Wow!! There is some serious audacity there! I can’t believe they showed up without confirming with you beforehand that it was okay. And if they did get an okay from your Mother-In-Law, then SHE should have let you know they were coming, especially if she just expected you to pay for them. 10 univited guests is A LOT! It doesn’t sound like you guys were rude to them at all, however. What IS rude is your Mother-In-Law showing up way late and just expecting you to pay for guests that you didn’t even invite AND who declined to come to your wedding! How odd….

Sorry you had to deal with this!

Post # 8
Member
237 posts
Helper bee
  • Wedding: July 2011

I would be very upset with your in-laws and I would tell your hubby that he needs to do something about it. It stinks that it made a mess of your big day but it could make a mess if a lot more if he does not get them in their place.

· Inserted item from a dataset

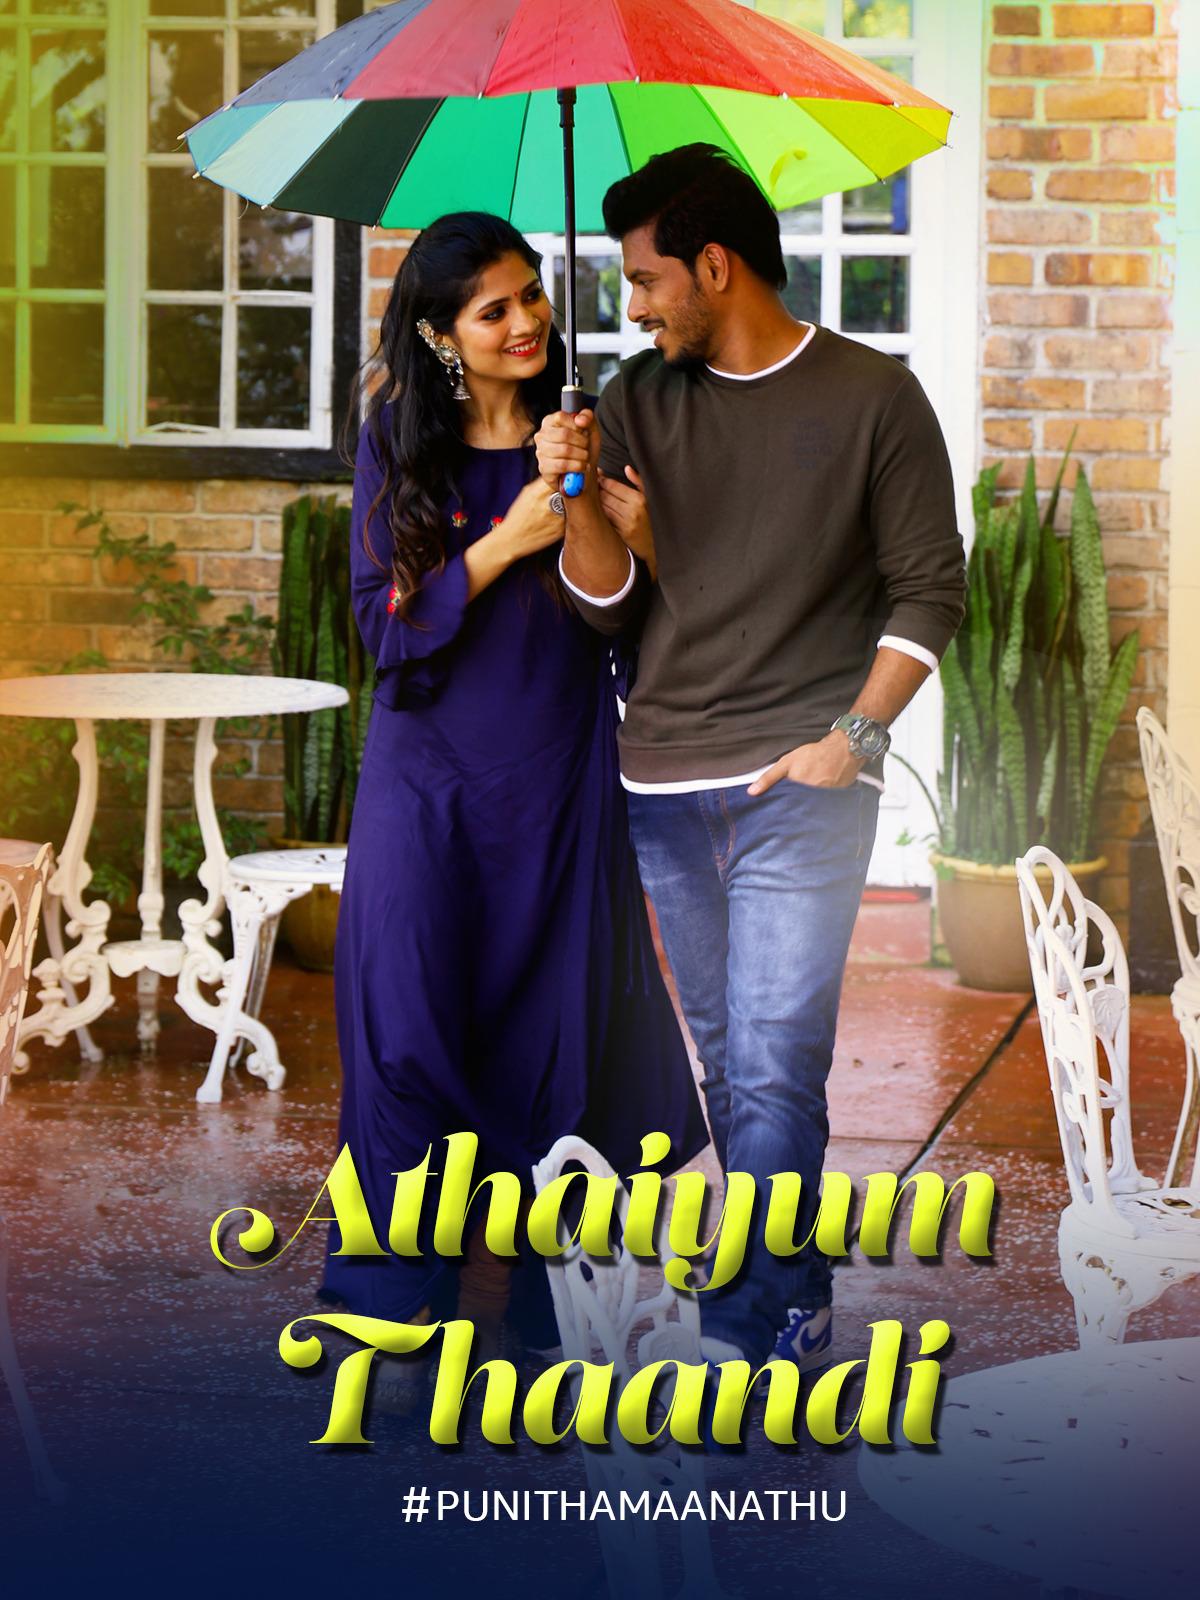 Athaiyum Thaandi Punithamaanathu 2021 Tamil 720p HDRip ESub 1.1GB Free Download

I must say that I am impressed that you controlled yourself that night – that shows  a lot of character. I don’t know that I would have been able to keep my cool.

 

Post # 9
Member
7173 posts
Busy Beekeeper

@ams12: I think it’s interesting that she says you were rude in a situation she wasn’t even at.

Isn’t that a he-said/she-said type argument – where no one wins?  That’s why I thought it was really about something else….

What does your Darling Husband think about all this?

Post # 11
Member
1235 posts
Bumble bee
  • Wedding: July 2011

Some people need to just go into hiding never to be seen again.

Post # 12
Member
1871 posts
Buzzing bee
  • Wedding: February 2011

Okay, here’s what I think. Please don’t be mad at me.

SO: YES, your inlaws were completely out of line. Your Mother-In-Law is completely out line. Did they commit a major faux pas? Yes, absolutely. Am I on your side, yes, I am. Your Mother-In-Law is totally wrong to be mad–in fact, she should be apologizing.

Having said that, NO, you were not rude. Absolutely not. But you asked an etiquette question, so here’s the answer on that: etiquette is all about how you make someone else feel. It’s your code of conduct that’s not contigent upon how others behave. So even though she is wrong, wrong, wrong, and they were wrong, wrong, wrong, at the end of the day, your in-laws shouldn’t have been made to feel awkward. Now, let me be clear: I believe that you dealt with it gracefully, so I’d be curious to know why specifically she/they felt they were treated rudely.

The topic ‘Thoughts on this situation:’ is closed to new replies.